_Action item_:
No picture belongs in the copy. Repeat each line below exactly.

_Collected data_:
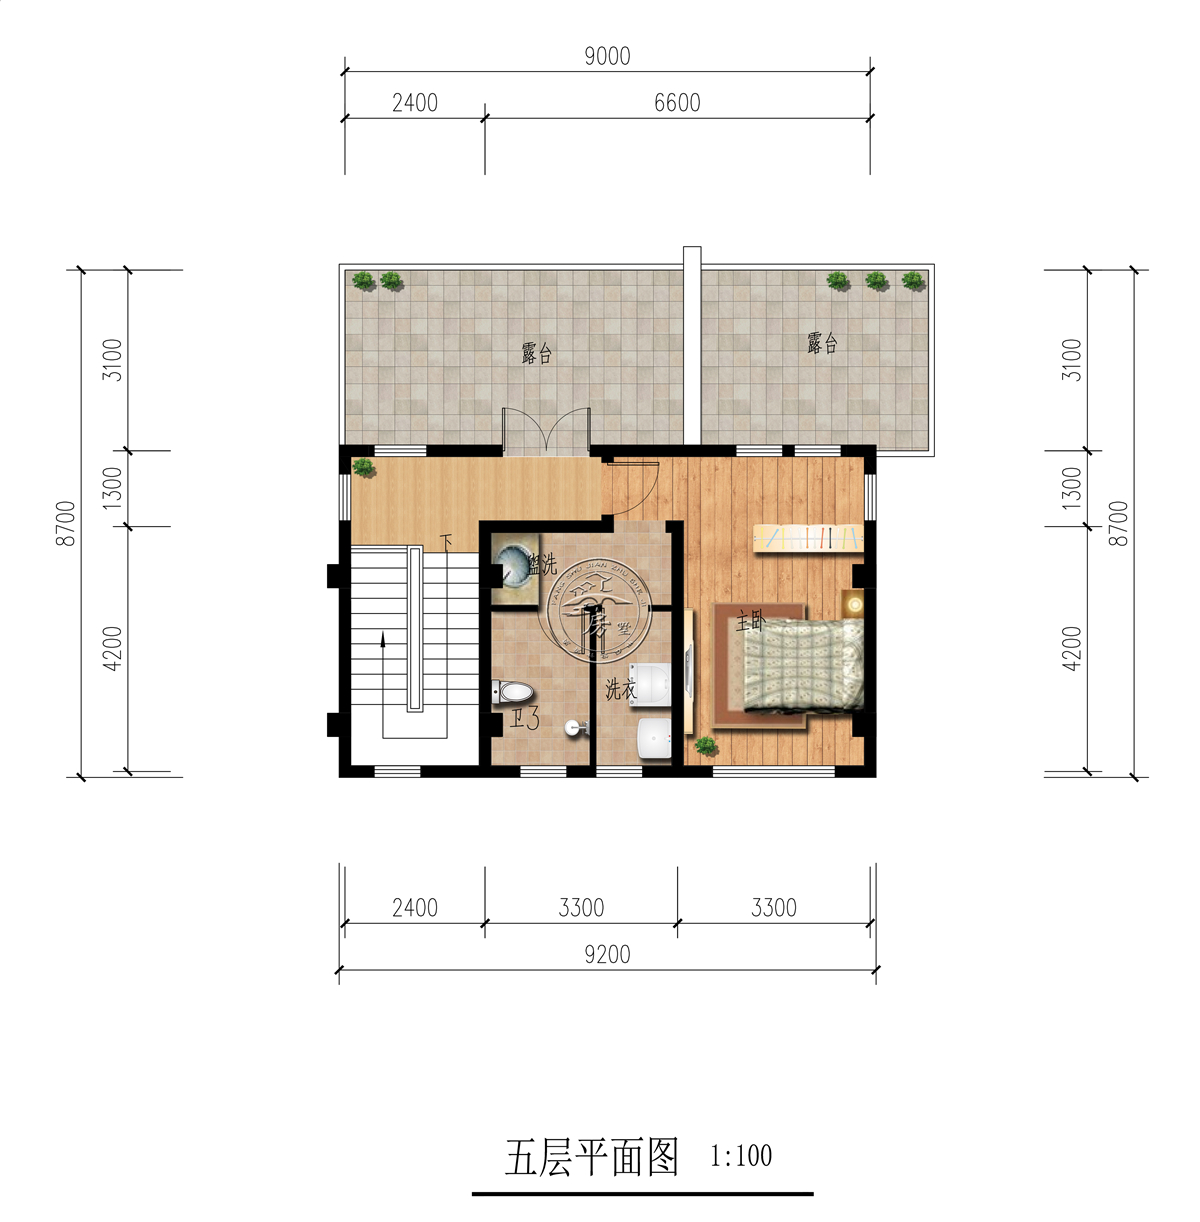 四层平面设计图:卧室套房
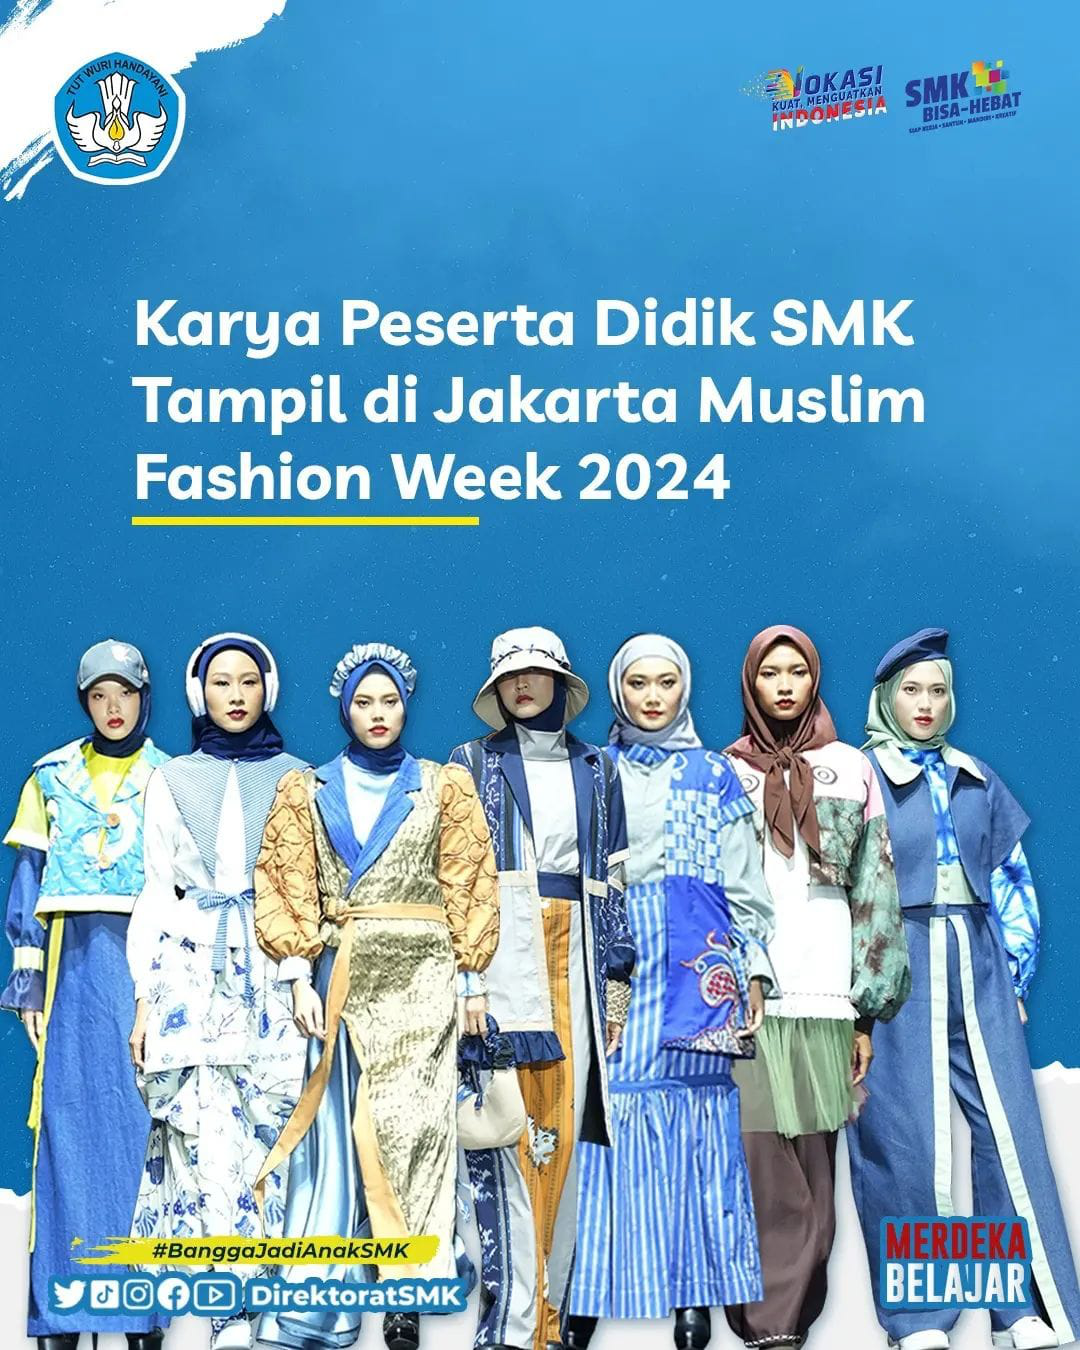 Karya Peserta Didik SMK Tampil di Jakarta Muslim Fashion Week 2024
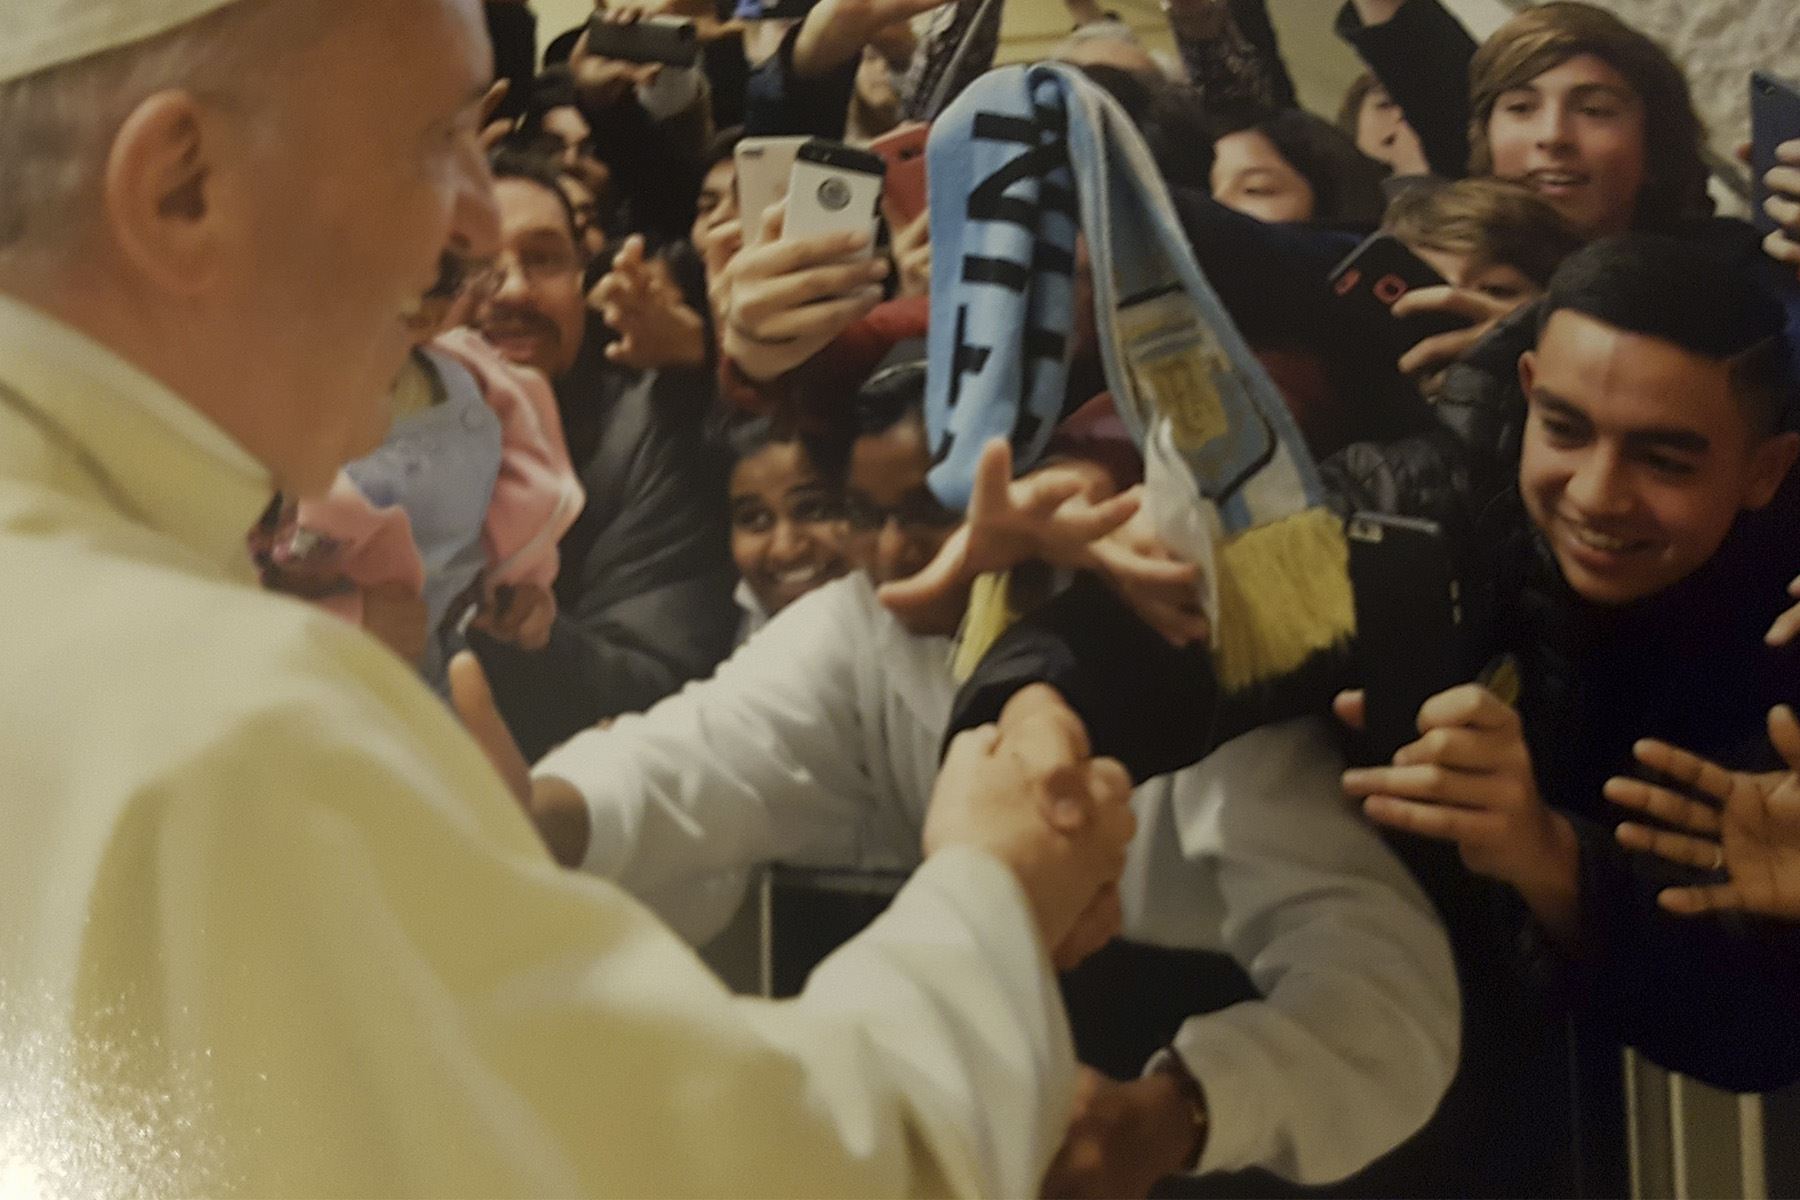 El joven peruano Ignacio Urquiaga Vanderghem visitó Italia y pudo acercarse al Santo Padre. No dudó en obsequiarle la camiseta bicolor, que el Papa Francisco aceptó y agradeció.  Foto: Ignacio Urquiaga/Facebook

_The completed task_:
 四层平面设计图:卧室套房
 Karya Peserta Didik SMK Tampil di Jakarta Muslim Fashion Week 2024
 El joven peruano Ignacio Urquiaga Vanderghem visitó Italia y pudo acercarse al Santo Padre. No dudó en obsequiarle la camiseta bicolor, que el Papa Francisco aceptó y agradeció.  Foto: Ignacio Urquiaga/Facebook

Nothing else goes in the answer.